[[ Data excerpt open ]]

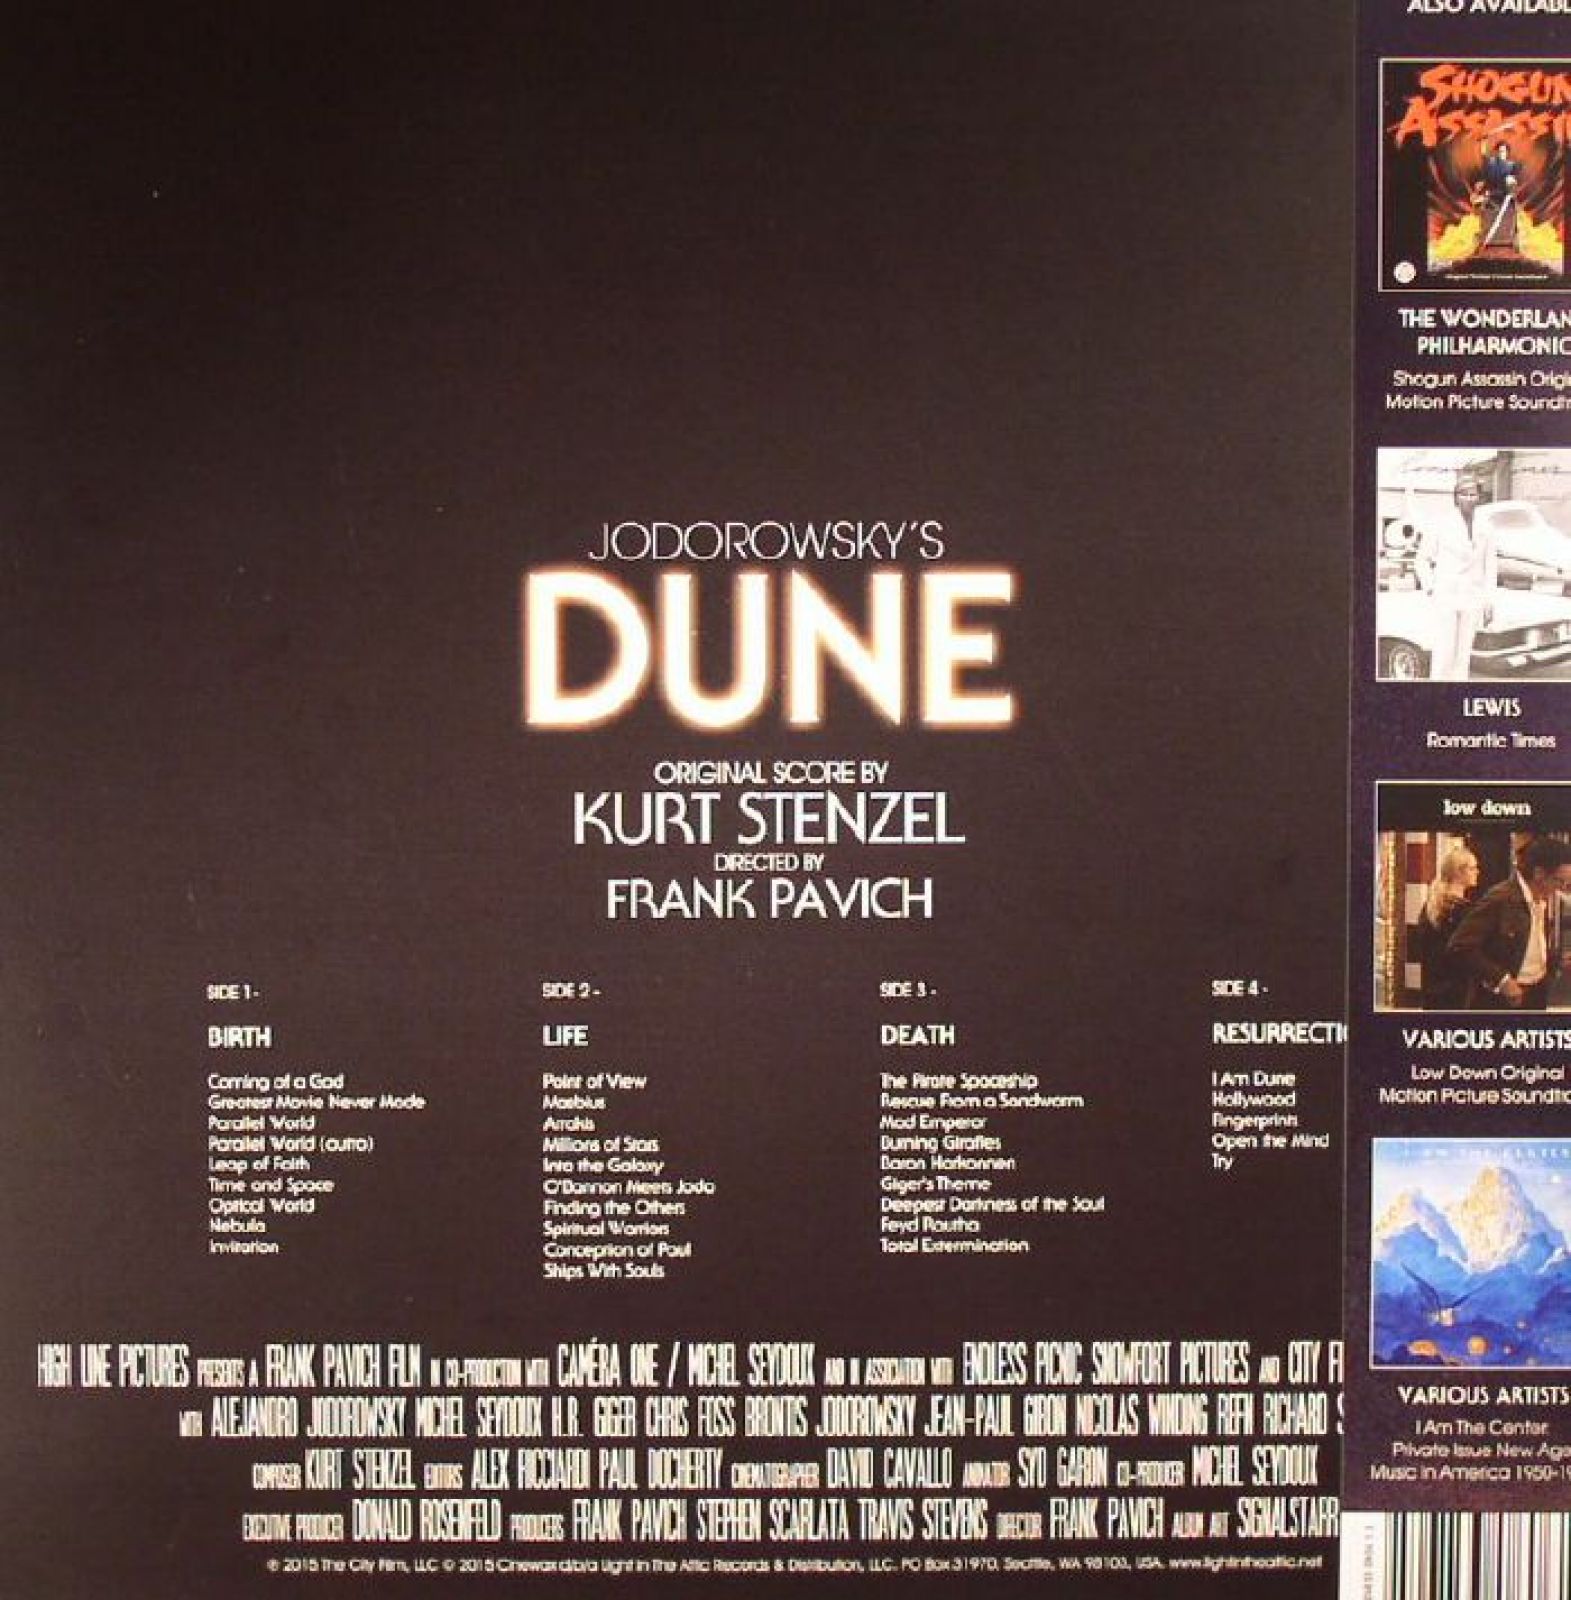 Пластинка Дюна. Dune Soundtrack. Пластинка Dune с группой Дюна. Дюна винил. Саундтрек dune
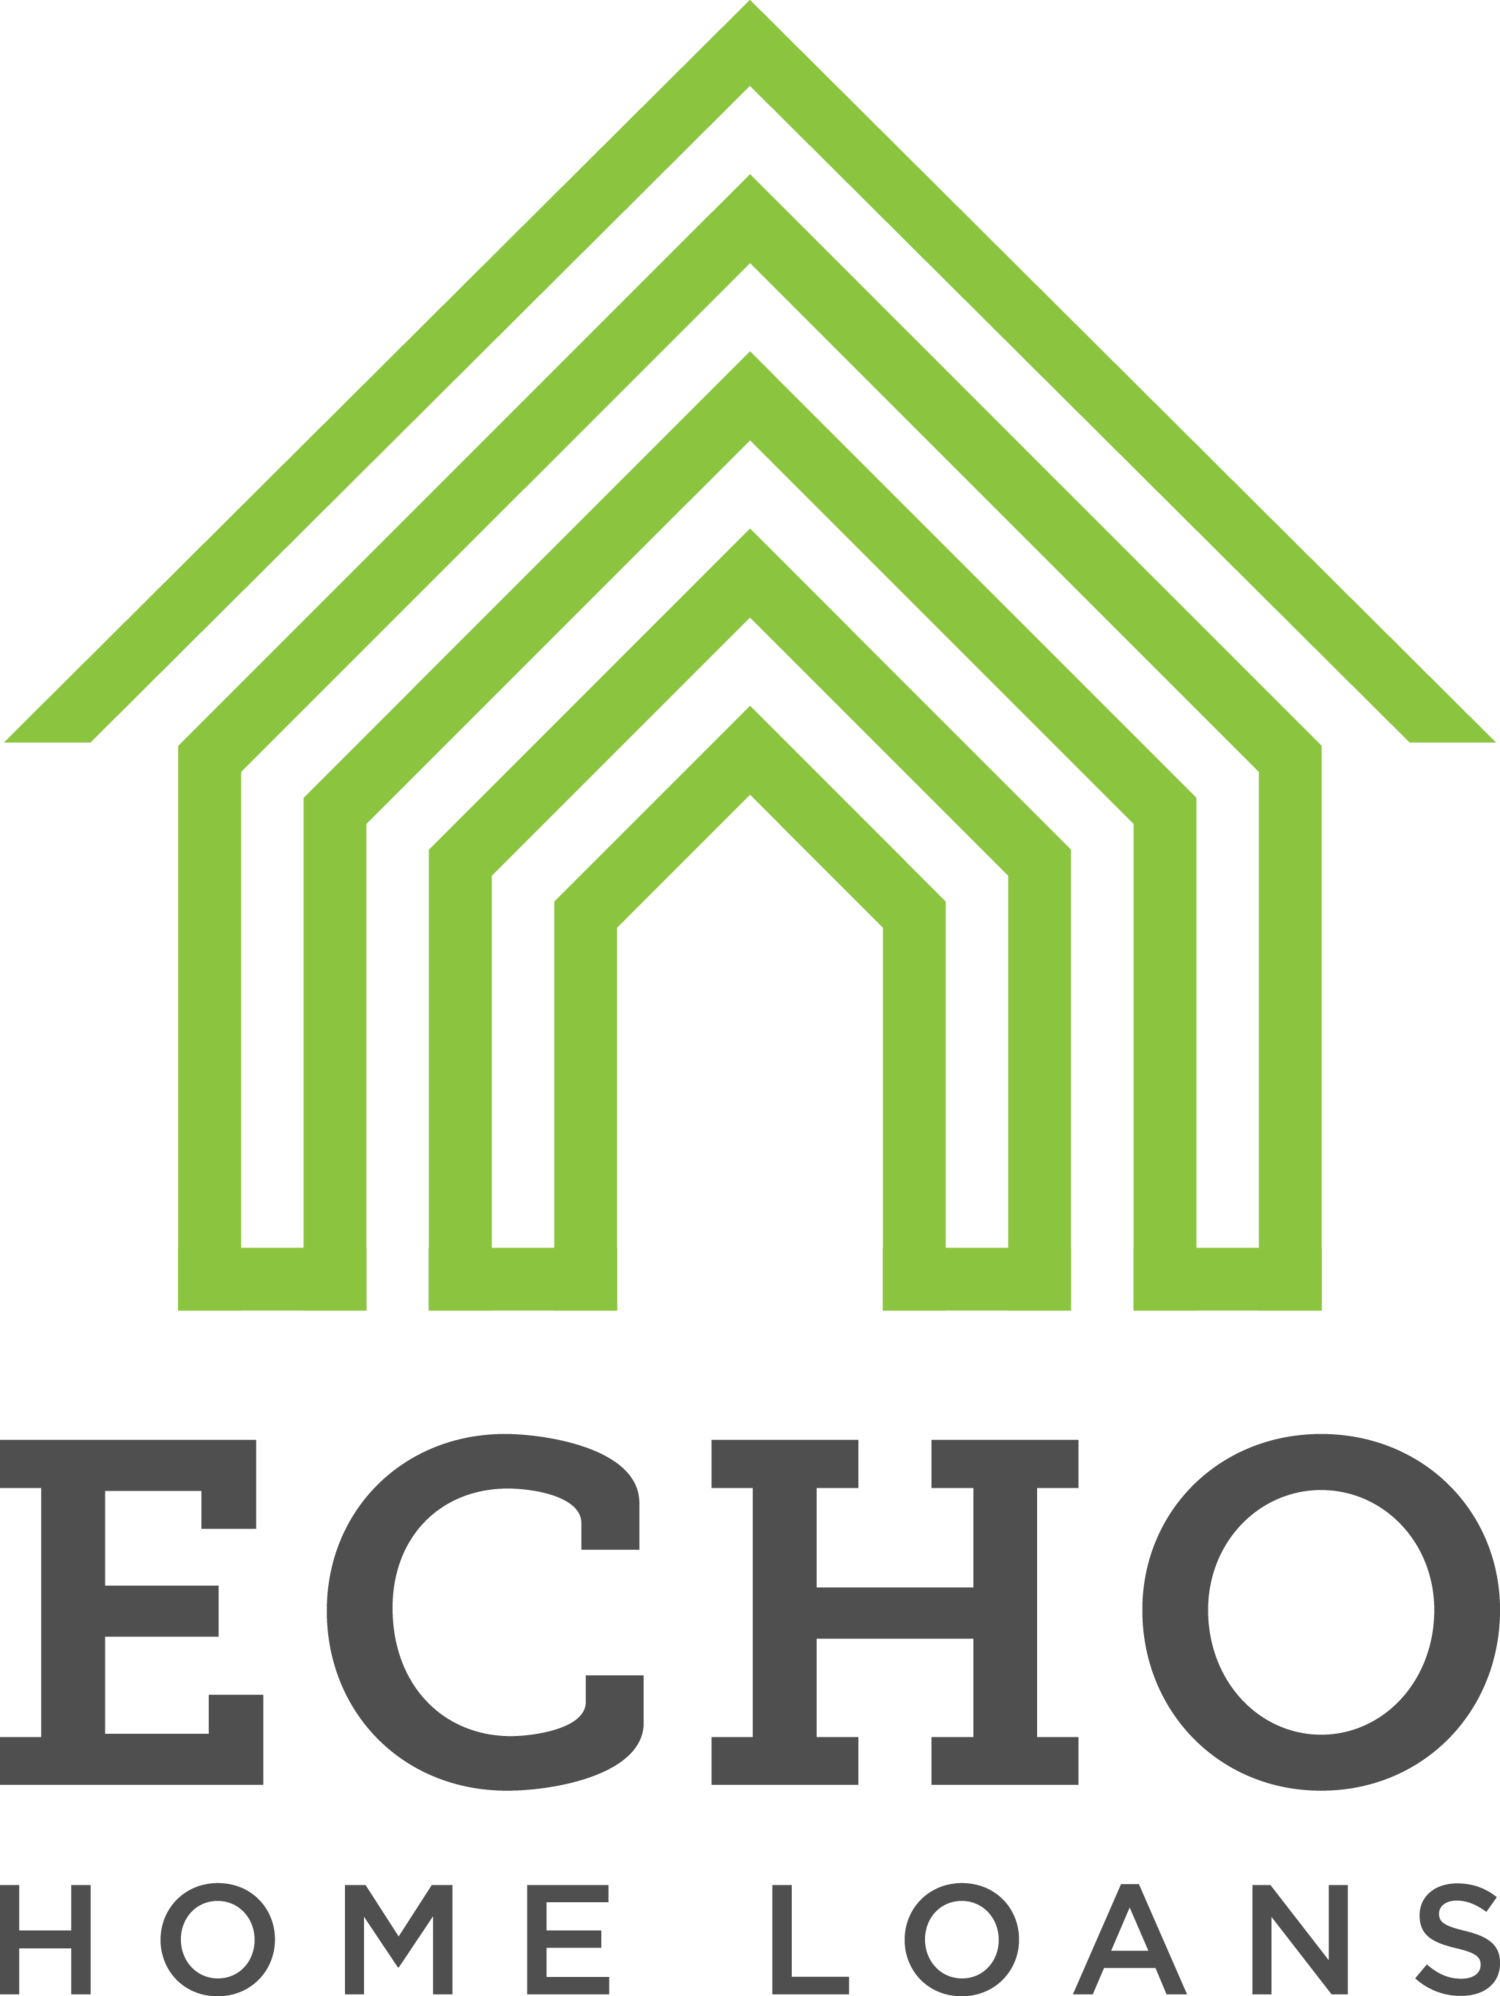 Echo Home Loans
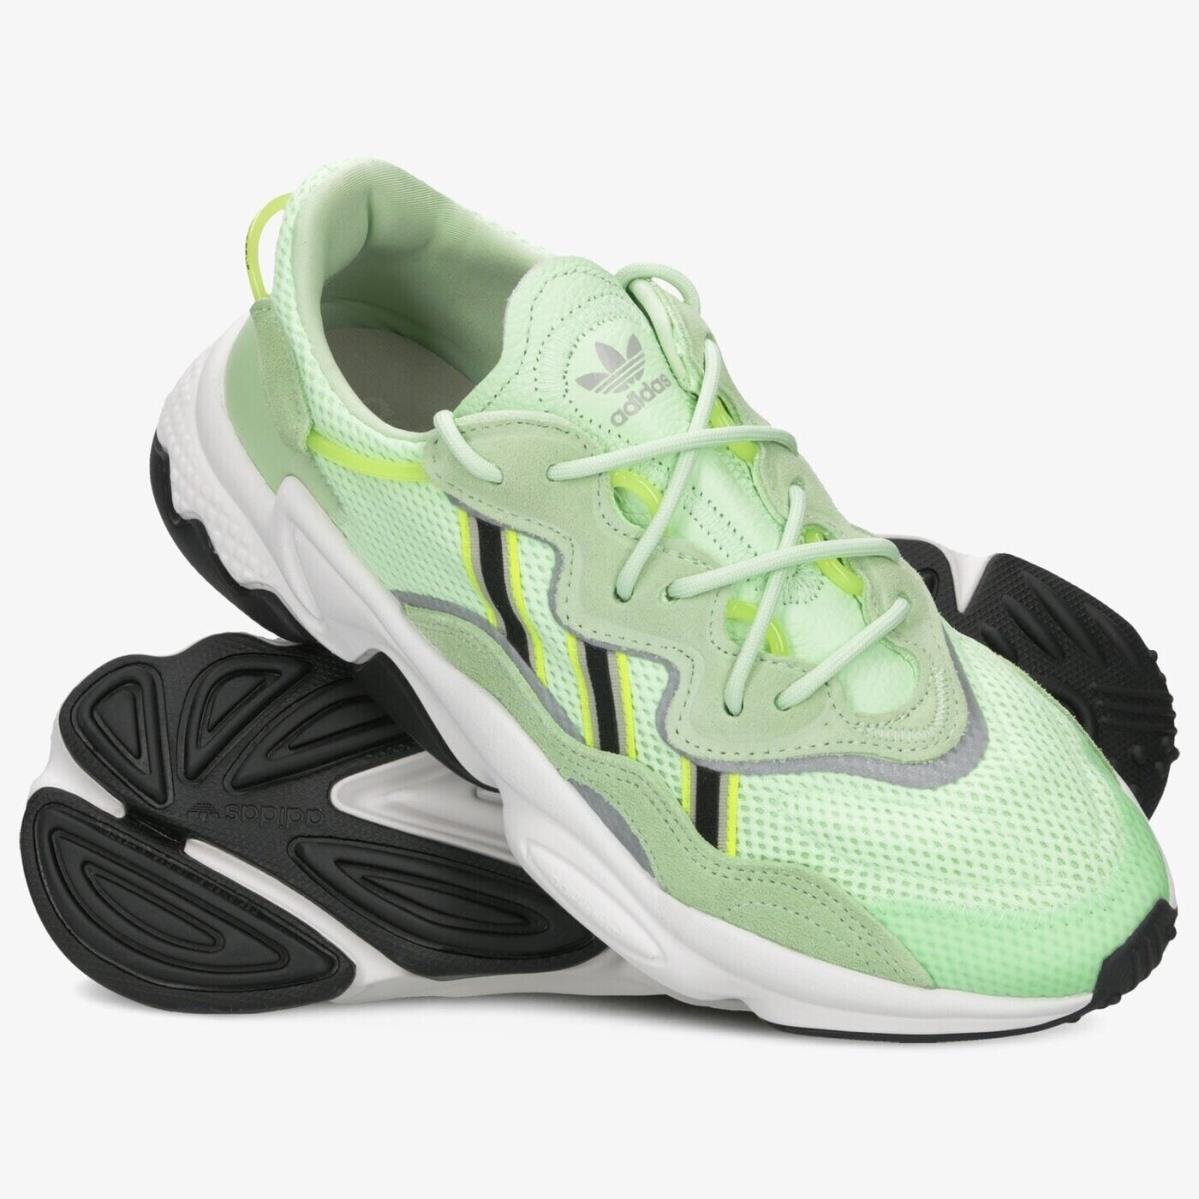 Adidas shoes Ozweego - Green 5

[[ Data excerpt closed ]]

## What the task asks
Reproduce the data above in full, exactly, with the images removed.

## Expected answer
 Пластинка Дюна. Dune Soundtrack. Пластинка Dune с группой Дюна. Дюна винил. Саундтрек dune
 Echo Home Loans
 Adidas shoes Ozweego - Green 5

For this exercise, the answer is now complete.